With NIRCam, the team will observe a piece of the GOODS region near their selected section of HUDF. The entire GOODS survey field includes observations from Hubble, Spitzer, and several other space observatories.
“These NIRCam images will be taken in three bands, and they will be the deepest obtained by any guaranteed time observation team,” explained Pérez-González.
NIRCam can observe in the infrared wavelength range of 0.6 to 5 microns. Pérez-González explained they will use it to observe a section of GOODS in the 1.15 micron band, which Hubble is capable of, but that Webb will be able to see objects 50 times fainter and with two times more spatial resolution. They will also use it to observe the 2.8 and 3.6 micron bands. Spitzer is able to do this as well, but Webb will be able to observe objects nearly 100 times fainter and with eight times greater spatial resolution.
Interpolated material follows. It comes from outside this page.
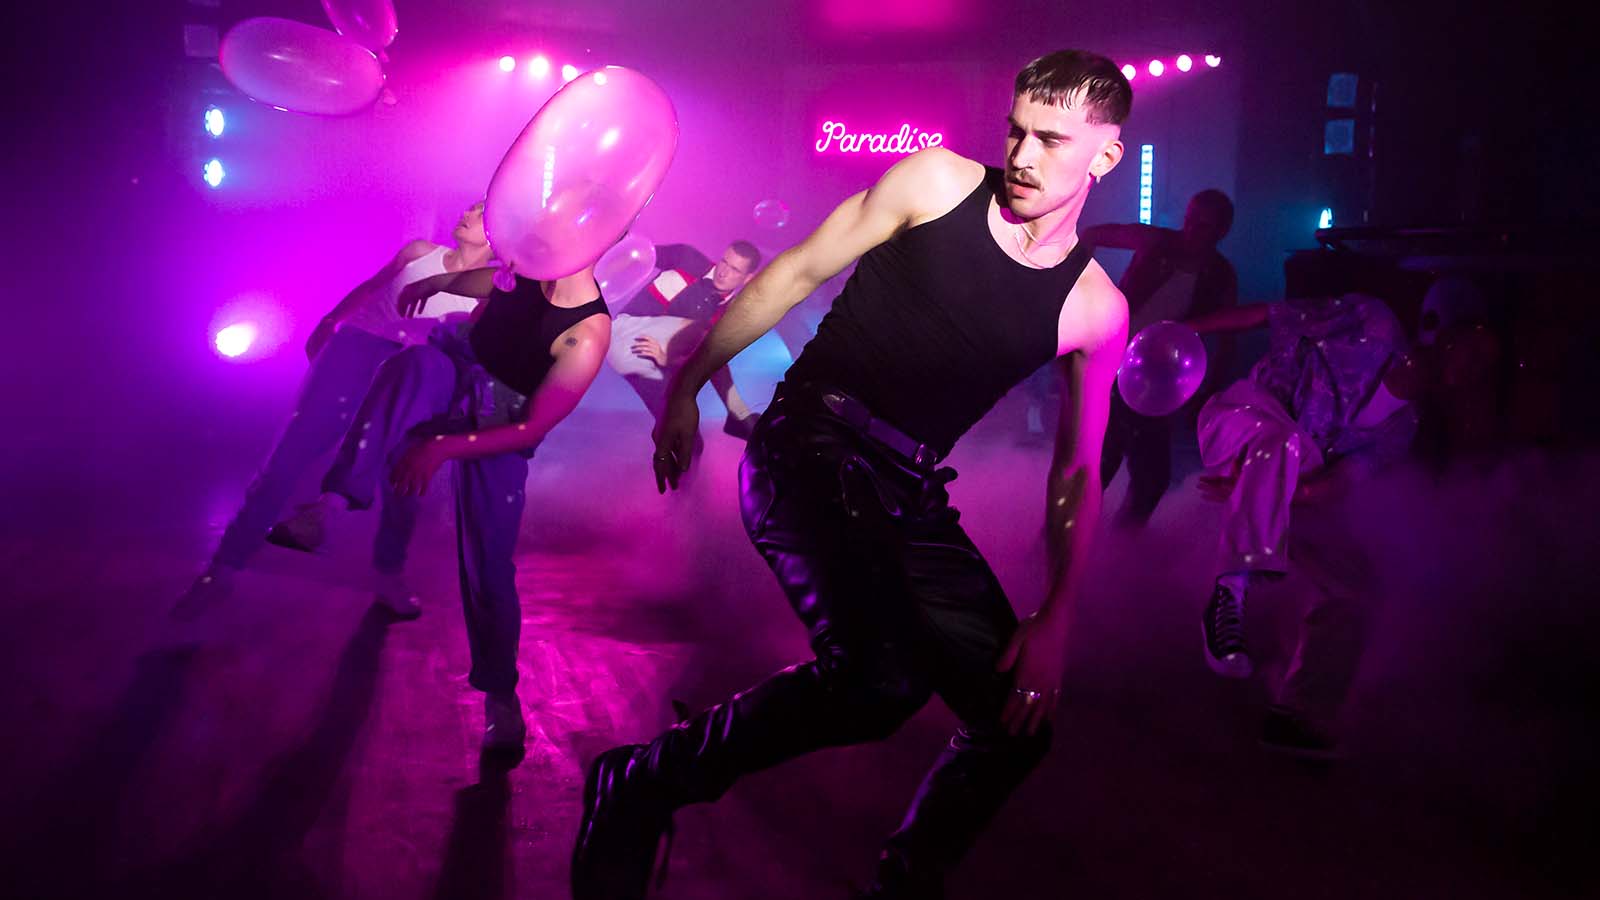 A group of dancers partying on a stage lit in smokey pink and purple lights. Balloons fall from the ceiling and in the background, the word 'Paradise' is lit up in pink neon light.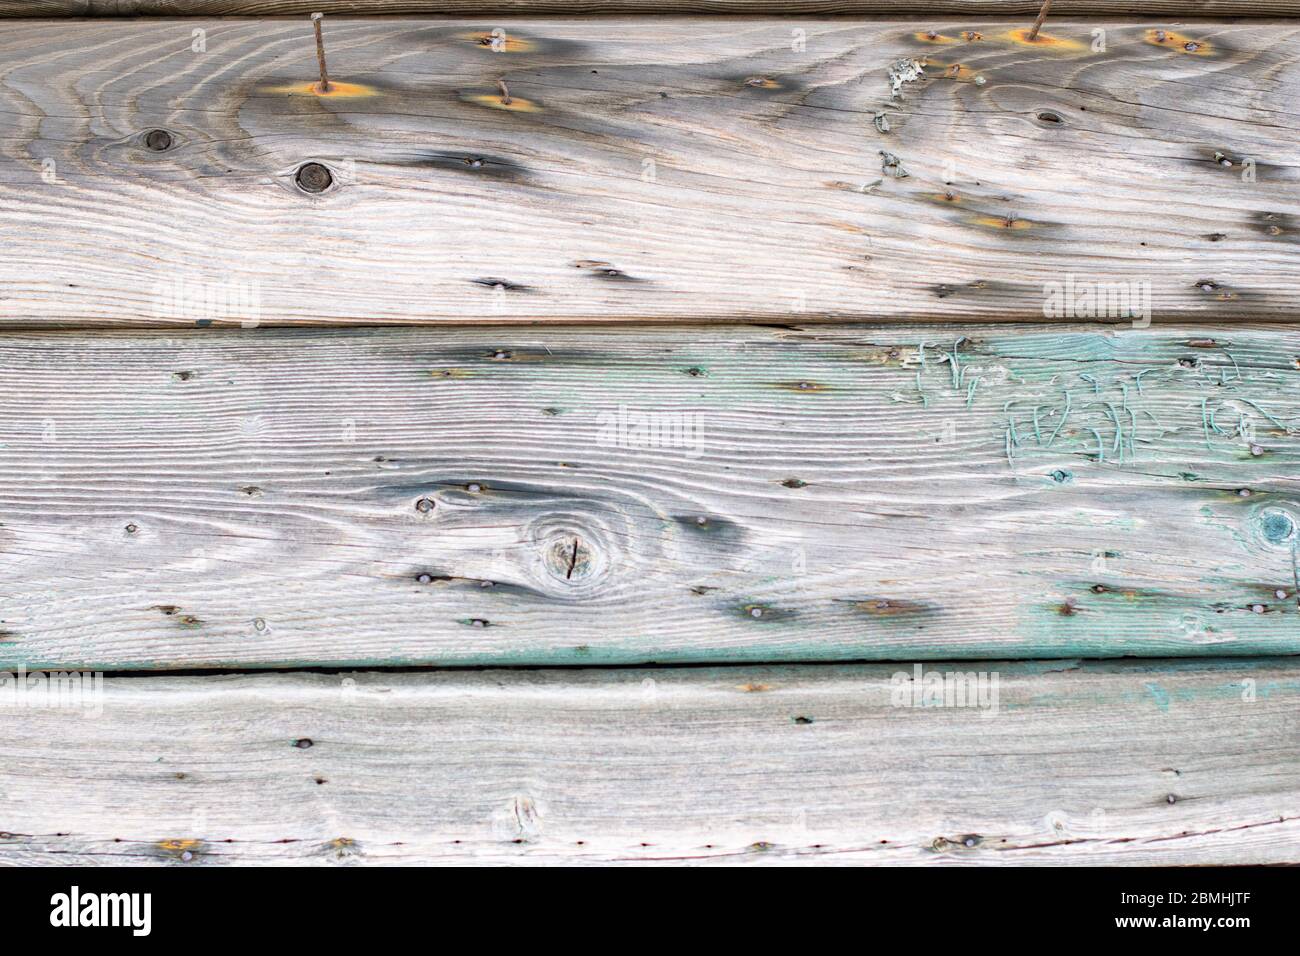 natural wood background, plank, blue teal grain, stripped planks, knots, photo, image, nature, pure, outside, outdoor, wooden planks, boards Stock Photo

Because the universe is expanding, light from distant objects in the universe is “redshifted,” meaning the light emitted by those objects is visible in the redder wavelengths by the time it reaches us. The objects farthest away from us, those with the highest redshifts, have their light shifted into the near- and mid-infrared part of the electromagnetic spectrum. The Webb telescope is specifically designed to observe the objects in that area of the spectrum, which makes it ideal for looking at the early universe.
“When you build an observatory with unprecedented capabilities, most probably the most interesting results will not be those that you can expect or predict, but those that no one can imagine,” said Pérez-González.
The James Webb Space Telescope, the scientific complement to NASA’s Hubble Space Telescope, will be the most powerful space telescope ever built. Webb is an international project led by NASA with its partners, ESA (European Space Agency) and CSA (Canadian Space Agency).
MIRI was built by ESA, in partnership with the European Consortium, a group of scientists and engineers from European countries; a team from NASA’s Jet Propulsion Laboratory in Pasadena, California; and scientists from several U.S. institutions. NIRCam was built by Lockheed Martin and the University of Arizona in Tucson.